Based on AI modeling and prediction algorithms for network traffic, the solution overcomes the traffic perception blind spots of traditional OTN networks. By combining the advantages of traditional O&M and traffic management, it provides reference for network capacity expansion, avoiding both user experience degradation caused by delayed capacity expansion and the waste of investment from blind capacity expansion.

Compared to traditional OTN networks, the intelligent system represents an innovative leap in traffic management, transforming it from "nonexistent" to "available" and from "zero" to "one". It has transformed the rigid-pipe O&M philosophy of OTN. By identifying port traffic-related indicators, it enables soft analysis of hard channels, delivering fine-grained management and predictive analysis for network O&M.

  • Real-time traffic analysis

The solution provides multi-dimensional traffic analysis capabilities. When traffic reaches a threshold, it triggers a threshold-crossing alarm to guide service diversion and avoid service impairments. The solution provides port traffic analysis at the minute, hour, day, and month levels. When peak bandwidth utilization reaches 90%, a threshold-crossing alarm is triggered to guide the maintenance personnel to divert services timely, thus preventing service quality degradation. In addition, based on current traffic analysis, the system can identify network bottlenecks and recommend targeted capacity expansions.

  • Intelligent traffic prediction

By using AI algorithms such as linear regression and time series, along with long-term big data analysis and prediction, the system implements traffic prediction curve assessment, detects network bottlenecks and service overload risks in the future, and discovers bandwidth requirements in advance. This helps guide global network traffic optimization and capacity expansion planning.

Intelligent Service Operation Guidance

Based on OTN network service traffic data, the system is capable of building models of network service usage patterns.
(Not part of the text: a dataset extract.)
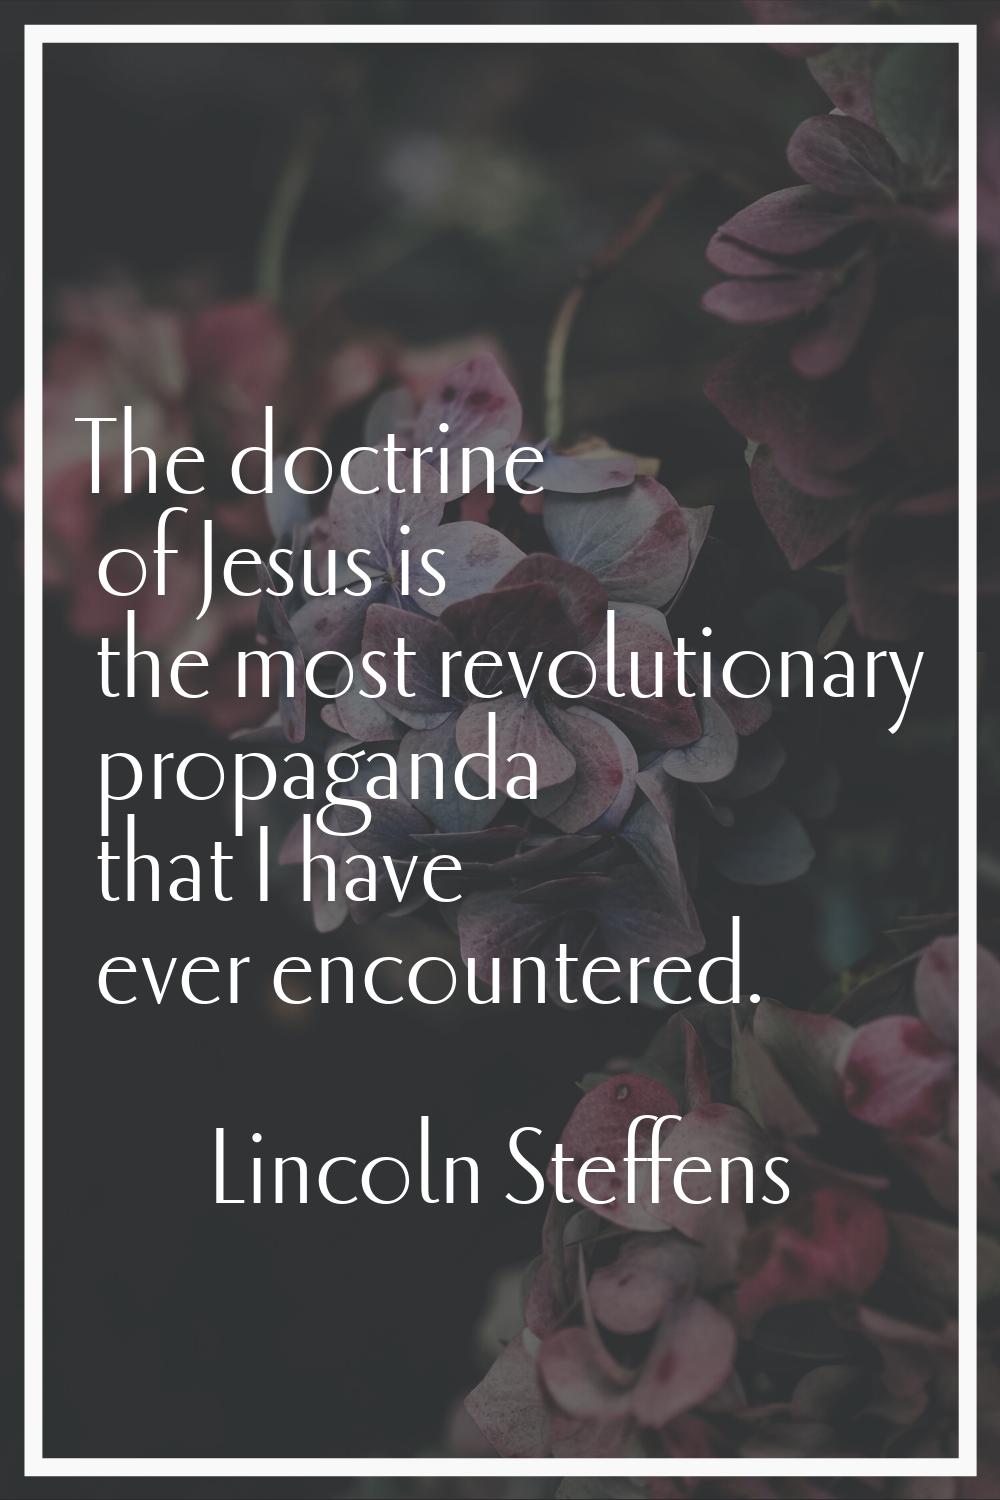 The doctrine of Jesus is the most revolutionary propaganda that I have ever encountered.

By analyzing behaviors such as zero traffic, traffic decline, traffic surges, and traffic fluctuations, and incorporating traditional OTN port and user status analysis, it enables intelligent service O&M.
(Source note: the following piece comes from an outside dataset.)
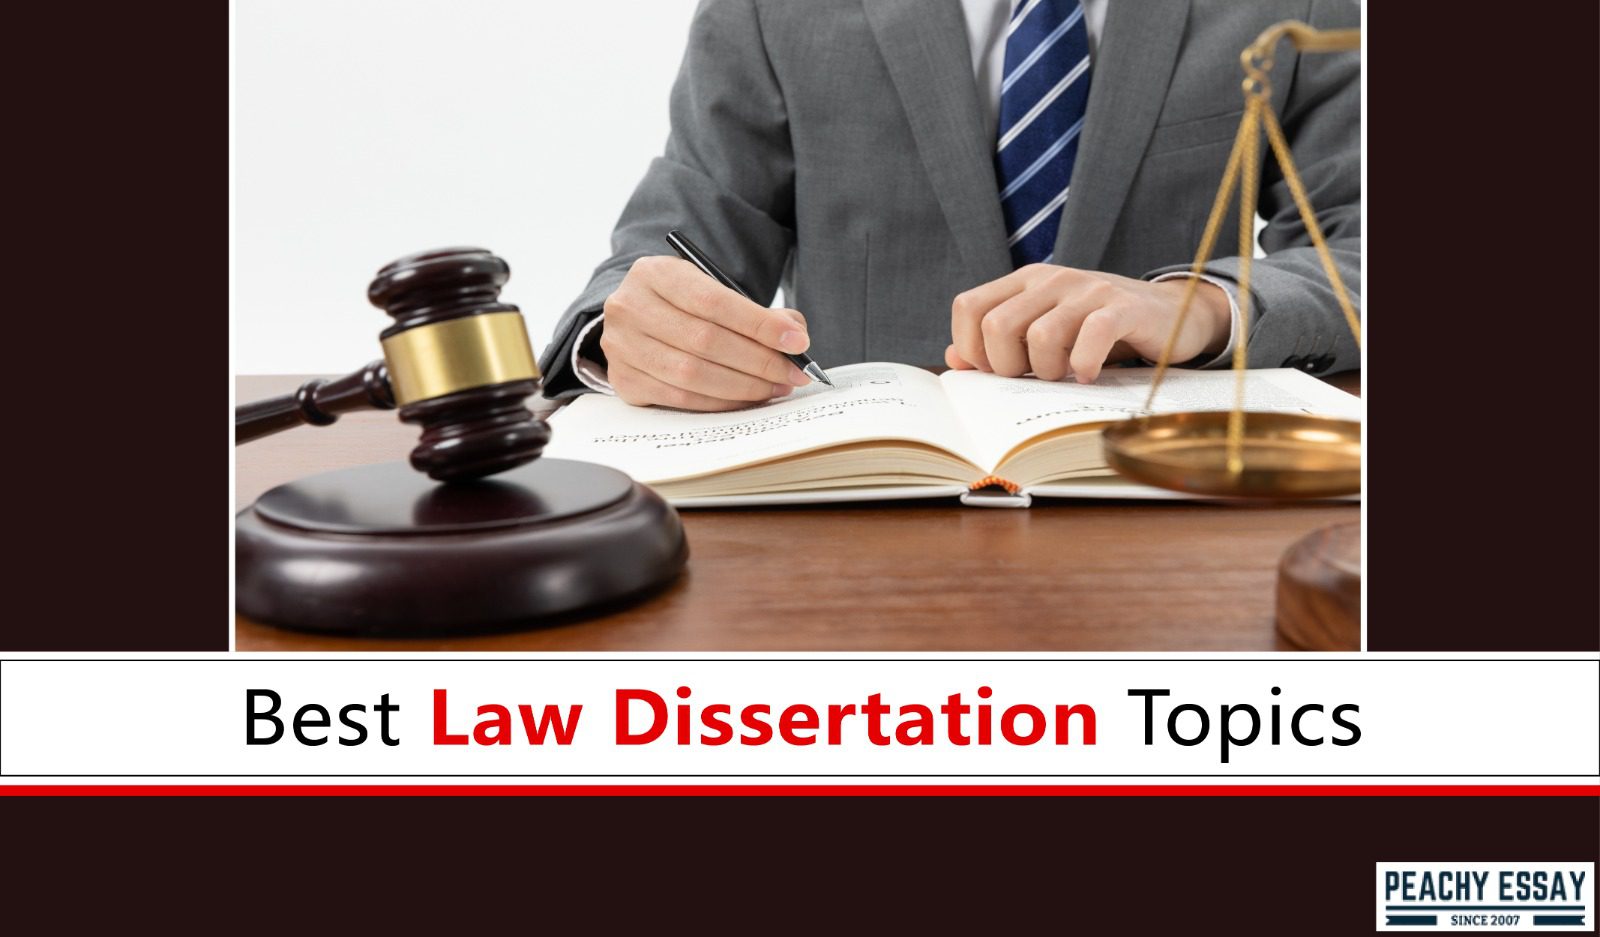 dissertation topics for law students

  • Service fault management

Through time-based traffic analysis, the system builds a data model of user service usage patterns and evaluates service reliability based on traditional OTN performance analysis data (such as port status, optical power, and bit errors). It can quickly identify zero-traffic user faults and respond to interruptions, minimizing the impact on services.

  • Service anomaly alert

The system analyzes traffic changes over time based on user service usage patterns to generate early warnings of potential customer churn. It also proactively monitors long-term "zero-traffic" user behavior to prevent customer churn risks and the invalid occupation of network resources.

  • Package change alert

The system analyzes the quality degradation of services that exceed package limits and dynamically adjusts the bandwidth for customers in a timely manner to prevent impacts on service quality. It also detects customer service growth trends timely and provides package expansion alerts to the front-end teams.

Visual Display of Digital Map

Real-time traffic monitoring data for network ports and services can be visualized and managed on a digital network map.

  • Multi-dimensional analysis: Provides multi-dimensional statistical analysis based on port, user rate, bandwidth utilization, peak/valley value, average value, and TOPN.
  • Traffic map: Displays the entire network traffic data in real time, including traffic/utilization rankings, coloring, map drill-down, and service proportions.
  • Trend analysis: Displays trends for peak and average values of rates, traffic, and bandwidth utilization for ports and services in the near future, based on historical traffic statistics.

 

ZTE's intelligent OTN network fault diagnosis system uses AI technologies to achieve minute-level diagnosis efficiency with an accuracy rate exceeding 90%. Based on real-time traffic analysis, the network traffic analysis & prediction system provides timely alerts for traffic bottlenecks, improves O&M efficiency by over 30%, and predicts future traffic trends based on AI big data analysis, thus facilitating the transformation and upgrade of O&M from passive maintenance to proactive prevention.